Dallas grinned wryly. “I am.” He dropped the heavy pack he carried and sank to the ground near a lone mesquite tree, pulling her down beside him.
“Are you cold?” he asked.
She shivered in response.
Dallas lifted her into his lap and enfolded her in his arms. She laid her head on his chest and snuggled up closer to him. Dallas smoothed the hair away from her forehead. “Do you think you can sleep?”
She yawned. “Umm-hmm.”
He settled himself back against the tree and pulled her close. It felt good to hold her in his arms, and he realized he'd been wanting to do it for a long time. Maybe this would be the last time. Tomorrow when they arrived in San Antonio she would take her leave of him. He would have to find his way back to the future alone. Somehow, that didn't frighten him. What frightened him was the thought of a lifetime without the woman he held in his arms.
He thought about making love to her, awakening her to the physical pleasures he knew a man and a woman could find together. Yet how could he take her virginity and leave her to face the consequences alone? A fallen woman. A pariah in her time. He couldn'tâwouldn'tâdo that to her.
Dallas tightened his arms around Angel and groaned as her soft breasts nestled against him. It was going to be a long night. He closed his eyes, willing himself to sleep, knowing it would be a long time before he found respite from the knowledge of what had happened to him today.

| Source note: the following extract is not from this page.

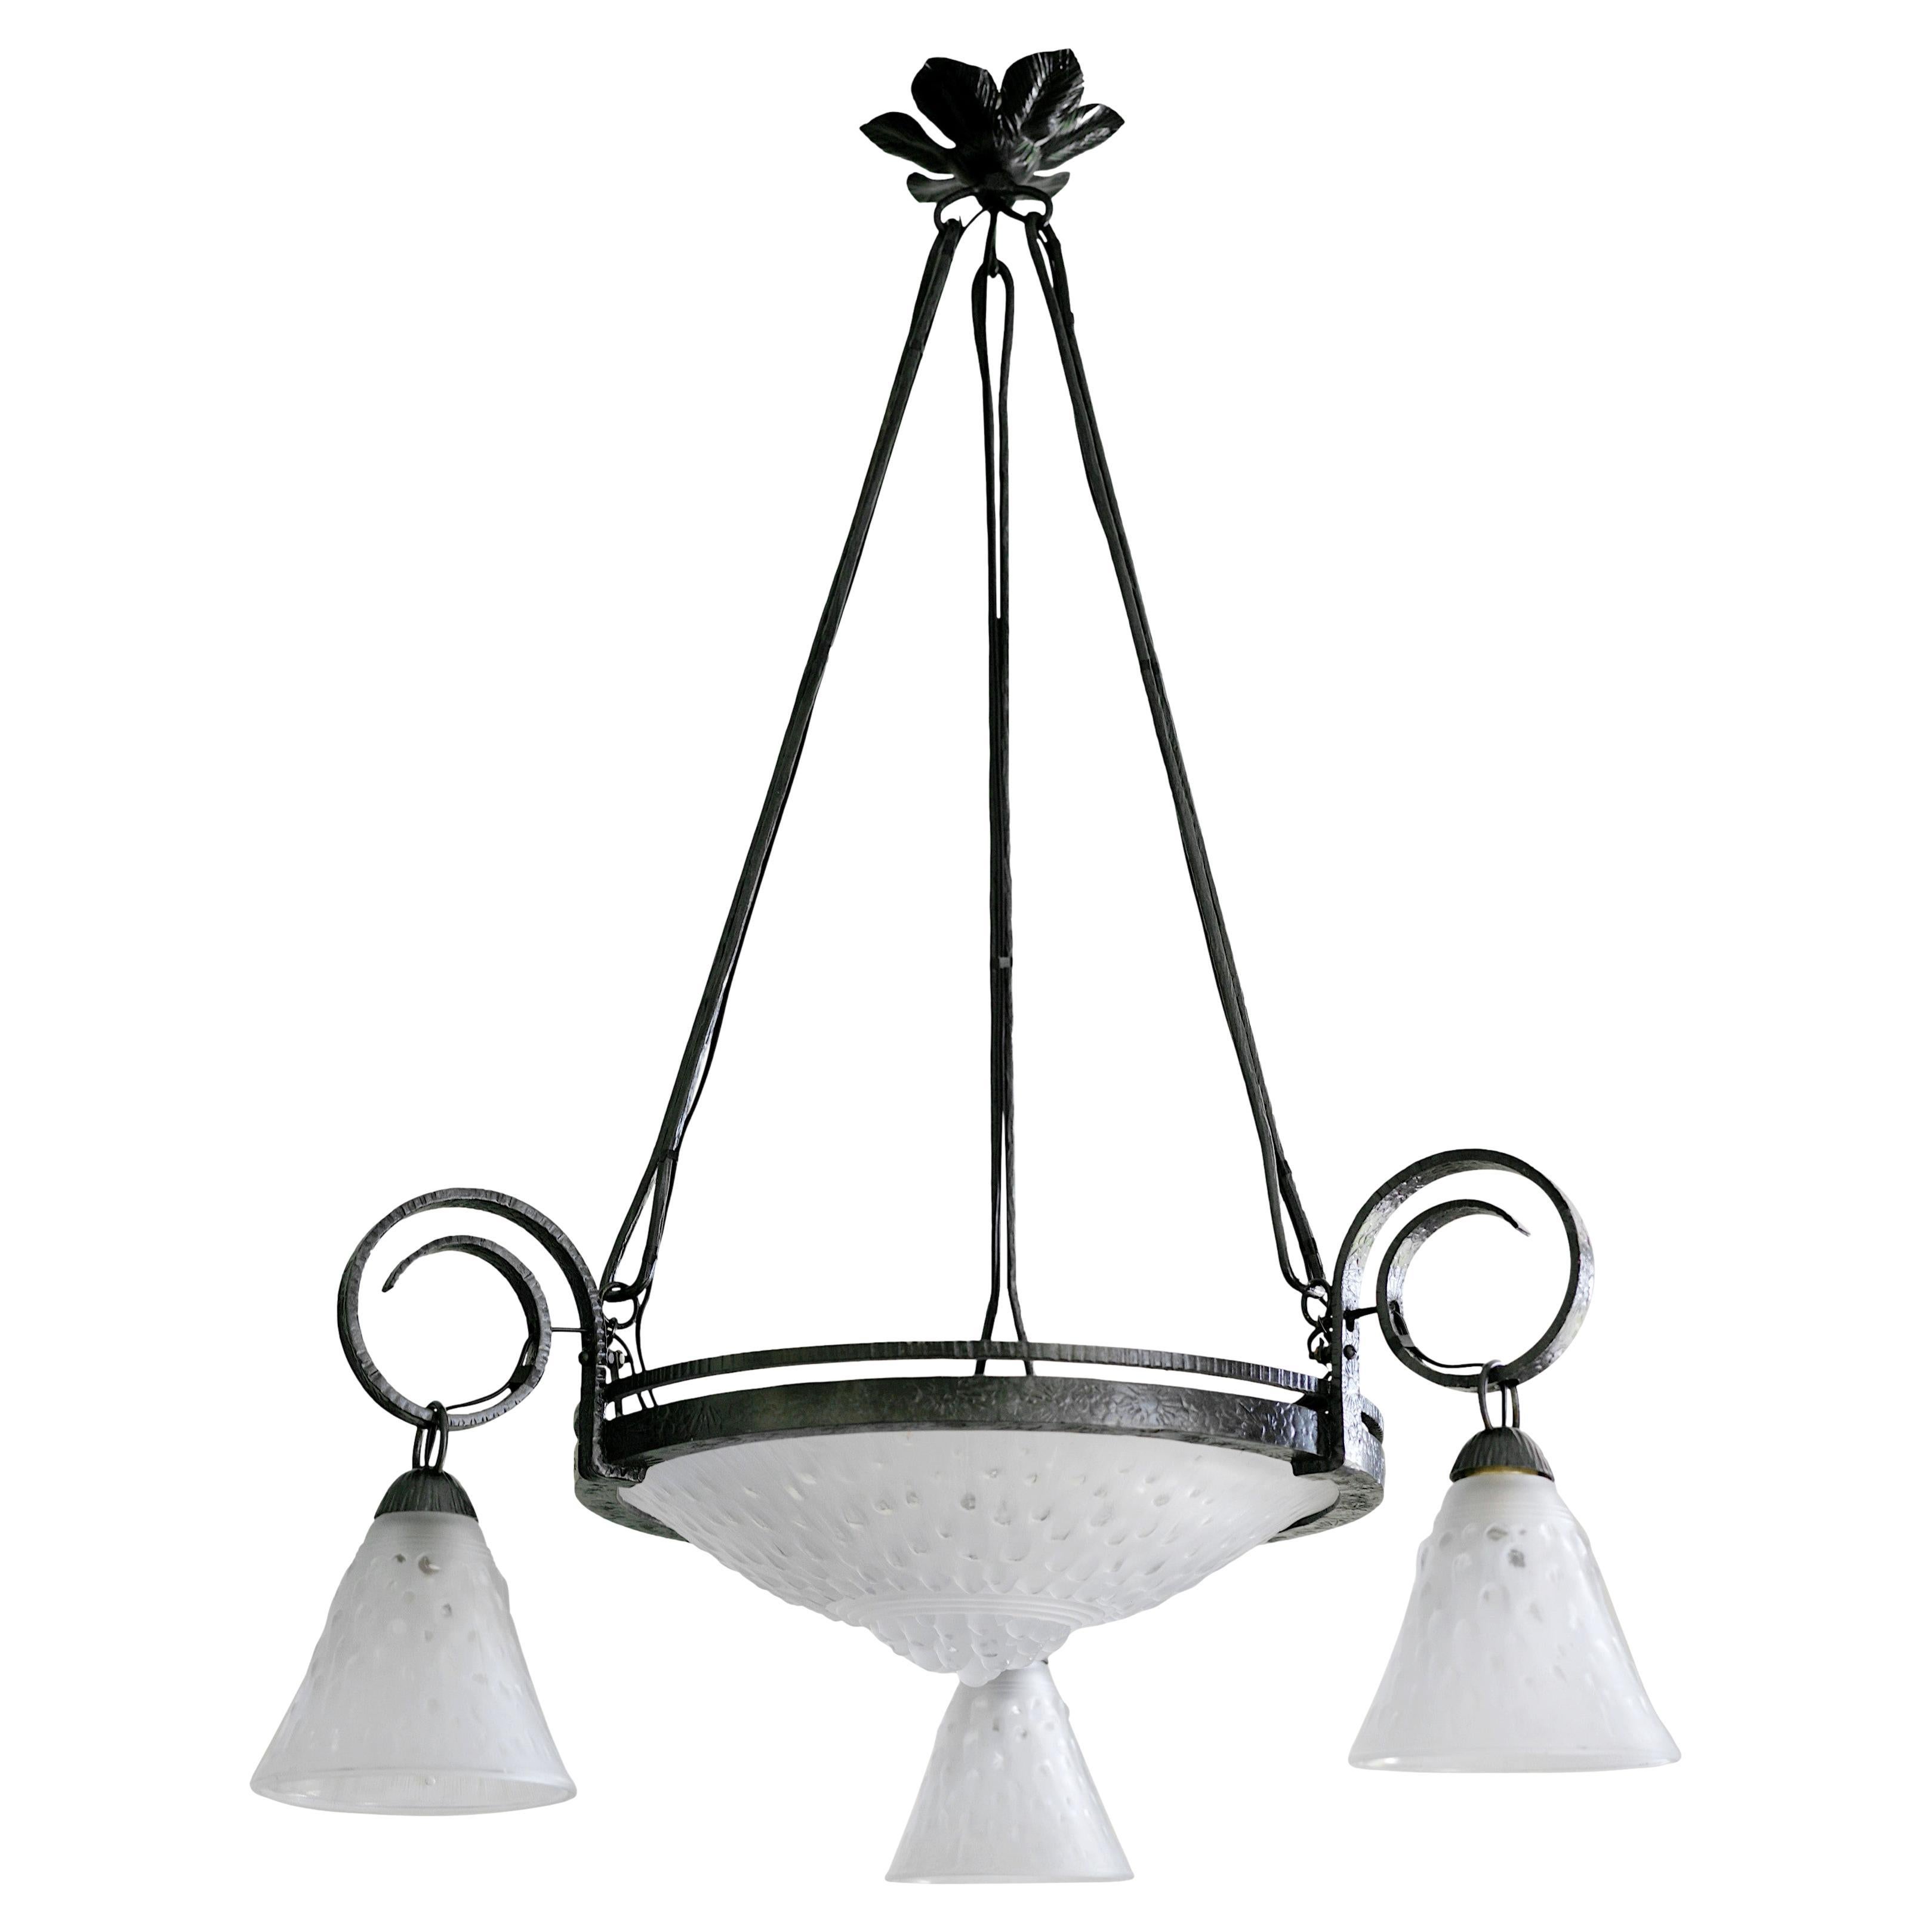 French Art Deco chandelier by MULLER FRERES (Luneville), France, ca.1925. Glass and wrought-iron. Thick frosted glass shades hung at their wrought-iron fixture. Rain model. Height : 34

Angel wasn't sure what woke her. Perhaps the trill of a mockingbird flying overhead. Perhaps the ray of sunlight that glimmered over the hill. Perhaps the contrasting warmth of Dallas's breath against her brow in the chill morning air. She only
knew she had awakened with a sense of rightness in this man's arms.
The signs of a violent life marked Dallas's face even in sleep. Angel was convinced he would do very well in her time and wondered whether she should try to convince him to stay. She tried to imagine him living without the modern conveniences she had learned so much about. And had to admit it would be harder for him to adjust to living without, than for her to accept the luxuries the future provided.
Angel frowned. Why was she thinking at all about the future any more? She belonged in the past. It was her world. There was no sense contemplating a life somewhere else.
Only it wasn't the conveniences Angel knew she would miss. It was Dallas. She felt a rush of tenderness as she perused the face of the man who held her in his arms. Those ridiculous curly lashes. Chestnut hair shot with golden sunlight. His broken nose. Lips that could be hard, or oh, so soft and giving.
She reached out a fingertip and traced the width of his mouth. Intent on what she was doing, Angel didn't notice as Dallas's lids lifted to reveal watchful hazel eyes. When his lips parted, she leaned forward and pressed her mouth against his. And was astonished at the reaction she got.
Angel let her eyelids sink closed as Dallas's mouth molded itself to hers. His tongue slid along the edge of her lips until she opened to him. She felt a sense of urgency that grew from the knowledge that their time together was coming to an end.